You don't need to be a calculus expert. You need to understand what derivatives and gradients mean, and how they guide learning.
1) The derivative: Rate of change
The derivative of f(x) at point x tells you how fast f changes when you nudge x:
f'(x) = lim[h→0] (f(x+h) - f(x)) / h
Intuition: the slope of the tangent line at x.
Positive derivative: function is increasing Negative derivative: function is decreasing Zero derivative: local minimum, maximum, or saddle point
2) Common derivatives
These come up constantly in ML:
| Function | Derivative |
|---|---|
| x^n | n * x^(n-1) |
| e^x | e^x |
| ln(x) | 1/x |
| sin(x) | cos(x) |
| sigmoid(x) | sigmoid(x) * (1 - sigmoid(x)) |
The sigmoid derivative is special: it can be computed from the output itself.
3) Derivative rules
Sum Rule
(f + g)' = f' + g'
Product Rule
(f * g)' = f' * g + f * g'
Chain Rule (the most important!)
(f(g(x)))' = f'(g(x)) * g'(x)
The chain rule is how backpropagation works. Complex functions are compositions; gradients flow backward through the chain.
4) Partial derivatives
When a function has multiple inputs, the partial derivative with respect to one variable treats others as constants:
f(x, y) = x² + xy + y²
∂f/∂x = 2x + y (treat y as constant)
∂f/∂y = x + 2y (treat x as constant)
5) The gradient: Direction of steepest ascent
The gradient is a vector of all partial derivatives:
∇f = [∂f/∂x₁, ∂f/∂x₂, ..., ∂f/∂xₙ]
The gradient points in the direction of steepest increase.
To minimize a function, go in the opposite direction of the gradient. This is gradient descent.
6) Gradient descent intuition
Imagine you're blindfolded on a hilly landscape. To find the lowest point:
- Feel the slope under your feet (compute gradient)
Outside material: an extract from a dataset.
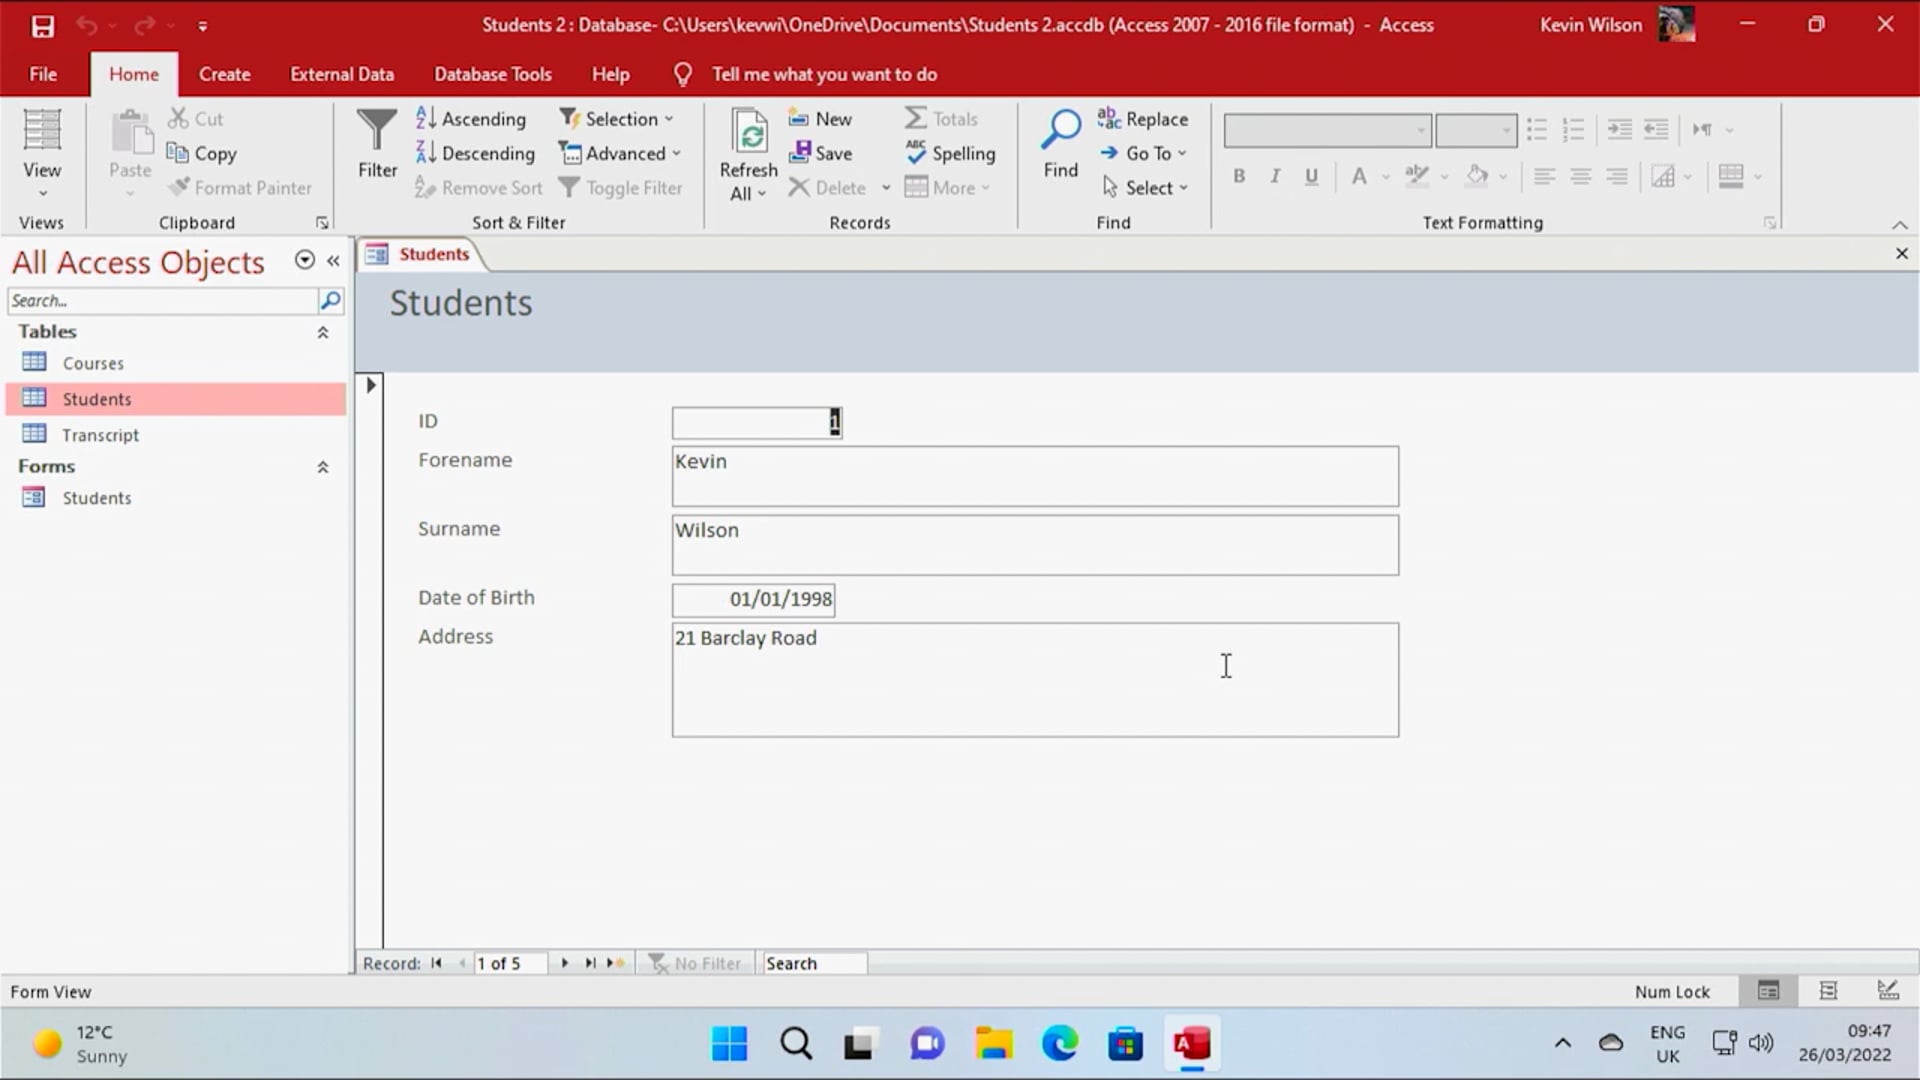 Creating Quick Forms with Forms Wizard

- Take a step downhill (negative gradient direction)
- Repeat until flat (gradient ≈ 0)
# Gradient descent update
x = x - learning_rate * gradient
The learning rate controls step size:
- Too large: overshoot, oscillate, diverge
- Too small: slow convergence
- Just right: steady progress to minimum
7) Computing gradients numerically
You can approximate gradients without calculus using finite differences:
def numerical_gradient(f, x, h=1e-5):
grad = []
for i in range(len(x)):
x_plus = x.copy()
x_plus[i] += h
x_minus = x.copy()
x_minus[i] -= h
grad.append((f(x_plus) - f(x_minus)) / (2 * h))
return grad
This is slow but useful for:
- Debugging analytical gradients
- Functions without closed-form derivatives
8) The chain rule in neural networks
Consider a simple network: input → hidden → output → loss
loss = L(output)
output = f(hidden)
hidden = g(input)
To update weights in g, we need ∂loss/∂weights_g:
∂loss/∂weights_g = ∂loss/∂output * ∂output/∂hidden * ∂hidden/∂weights_g
This is backpropagation: gradients flow backward through the chain.
9) Convexity matters
A function is convex if any line between two points lies above the function. Convex functions have a single global minimum.
Good news: Linear regression loss (MSE) is convex. Bad news: Neural network losses are non-convex (many local minima).
For non-convex functions, gradient descent finds a minimum, not necessarily the minimum. That's okay in practice.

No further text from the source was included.